`PCl_(5)` is an example of a molecule having `sp^(3)d`-hybridisation. Three out of the orbitals in `sp_(x)p_(y)`-hybridisation while remaining two have `p_(x)d_(x^(2))`-hybridisation. If P-atom is attached to substitutuents differ in electronegativity, as in `PCl_(x)F_(5-x)`, then it is has been experimently observed that the more electronegativity substituent occupies the axial position of t.b.p geometry.

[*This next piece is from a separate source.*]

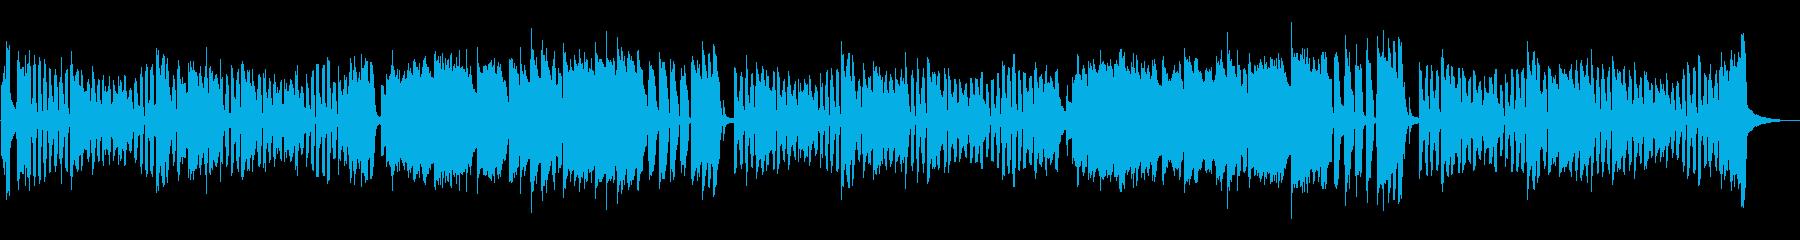 リコーダーによる、かわいくて元気な曲の再生済みの波形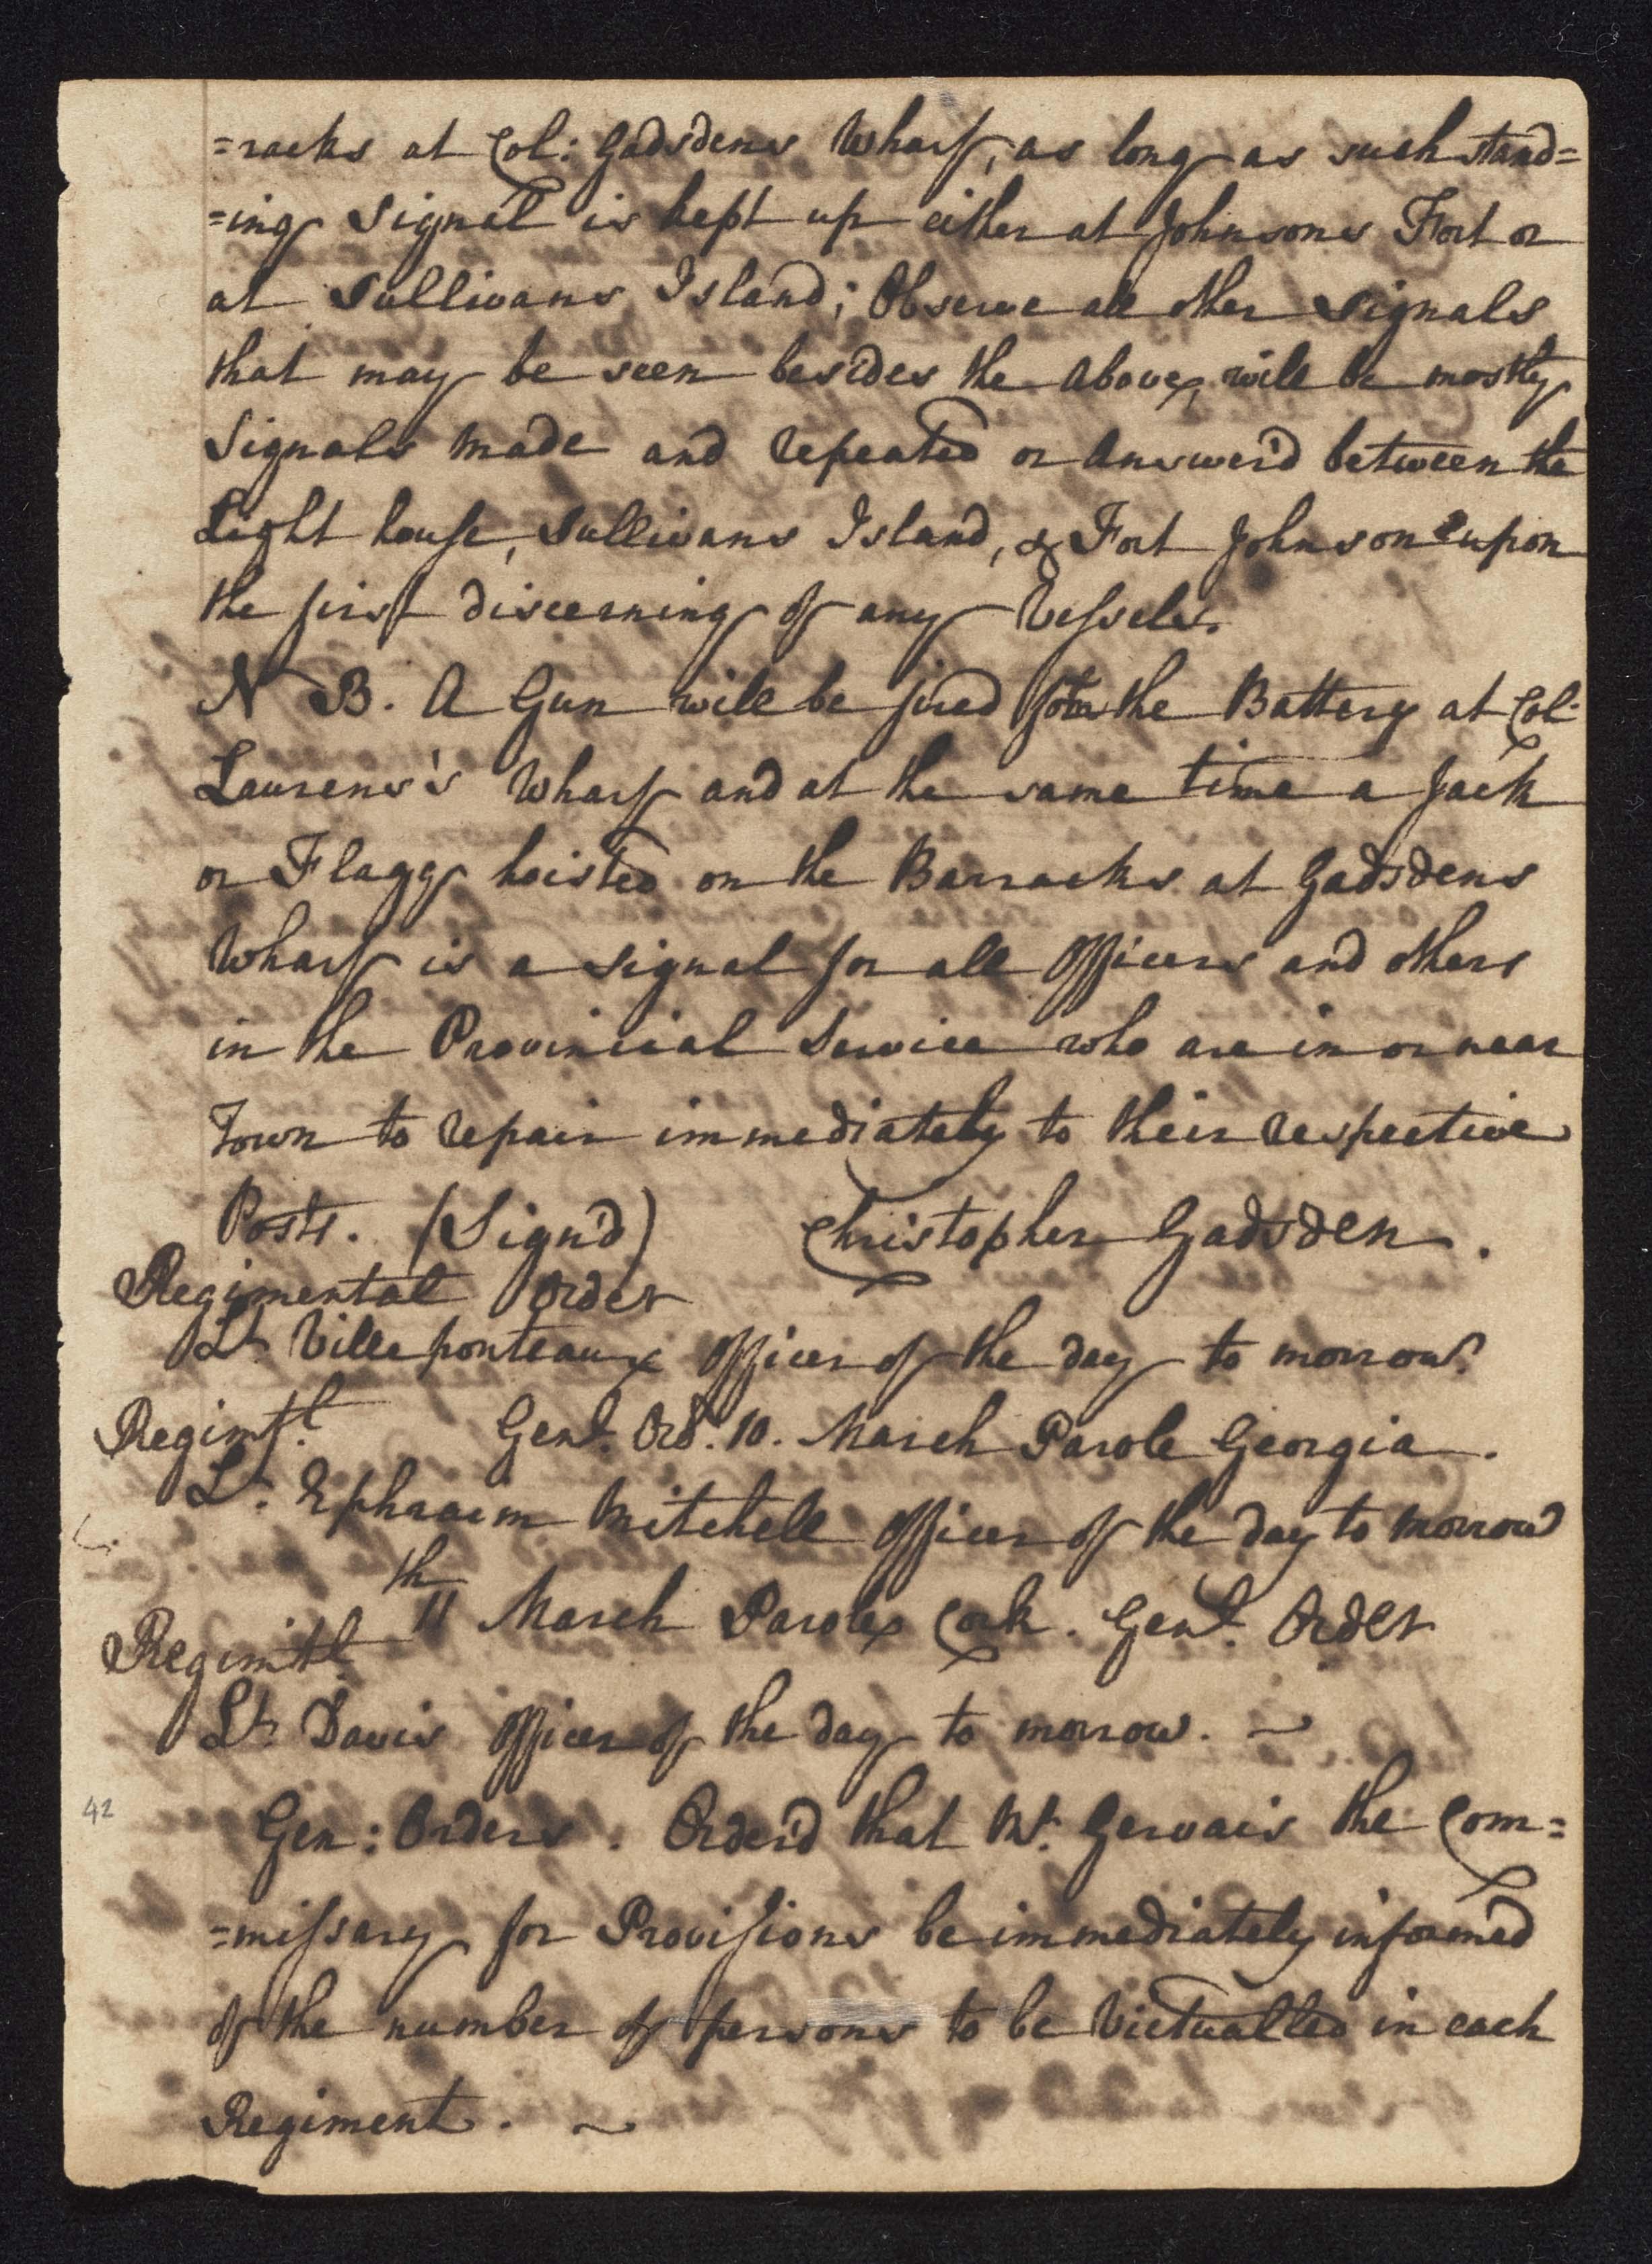 South Carolina Regiment Order Book, Page 83

Q. The highest `H-C-H` bond angle present in :

To solve the question regarding the highest H-C-H bond angle present in the given compounds, we will analyze the structures and hybridization of each compound step by step. ### Step-by-Step Solution: 1. **Identify the Compounds**: The question implies we need to compare the bond angles in three compounds: CH2F2, CH4, and CH3F. 2. **Determine the Hybridization and Geometry**: - **For CH2F2**: - The central atom is Carbon (C). - Carbon has 4 valence electrons and is bonded to 2 Hydrogen (H) atoms and 2 Fluorine (F) atoms. - The steric number (SN) = 4 (2 from H + 2 from F). - This means the hybridization is **sp³** and the geometry is **tetrahedral**. - **For CH4**: - The central atom is Carbon (C). - Carbon is bonded to 4 Hydrogen (H) atoms. - The steric number (SN) = 4 (4 from H). - This also means the hybridization is **sp³** and the geometry is **tetrahedral**. - **For CH3F**: - The central atom is Carbon (C). - Carbon is bonded to 3 Hydrogen (H) atoms and 1 Fluorine (F) atom. - The steric number (SN) = 4 (3 from H + 1 from F). - This means the hybridization is **sp³** and the geometry is **tetrahedral**. 3. **Analyze the Bond Angles**: - In a perfect tetrahedral geometry, the bond angles are approximately **109.5°**. - However, the presence of more electronegative atoms (like F) can affect these angles due to their electron-withdrawing effect. - In **CH2F2**, there are two F atoms, which are highly electronegative. This will cause the H-C-H bond angle to be less than 109.5° due to the repulsion between the lone pairs on F. - In **CH4**, there are no electronegative atoms, so the bond angle remains at **109.5°**. - In **CH3F**, there is one F atom. The presence of one electronegative atom will slightly reduce the H-C-H bond angle compared to CH4 but will still be greater than that in CH2F2. 4. **Conclusion**: - The highest H-C-H bond angle will be in **CH4** because it has no electronegative atoms to distort the bond angles, maintaining the ideal tetrahedral angle of **109.5°**. - Therefore, the answer to the question is **CH4**. ### Final Answer: The highest H-C-H bond angle is present in **CH4**.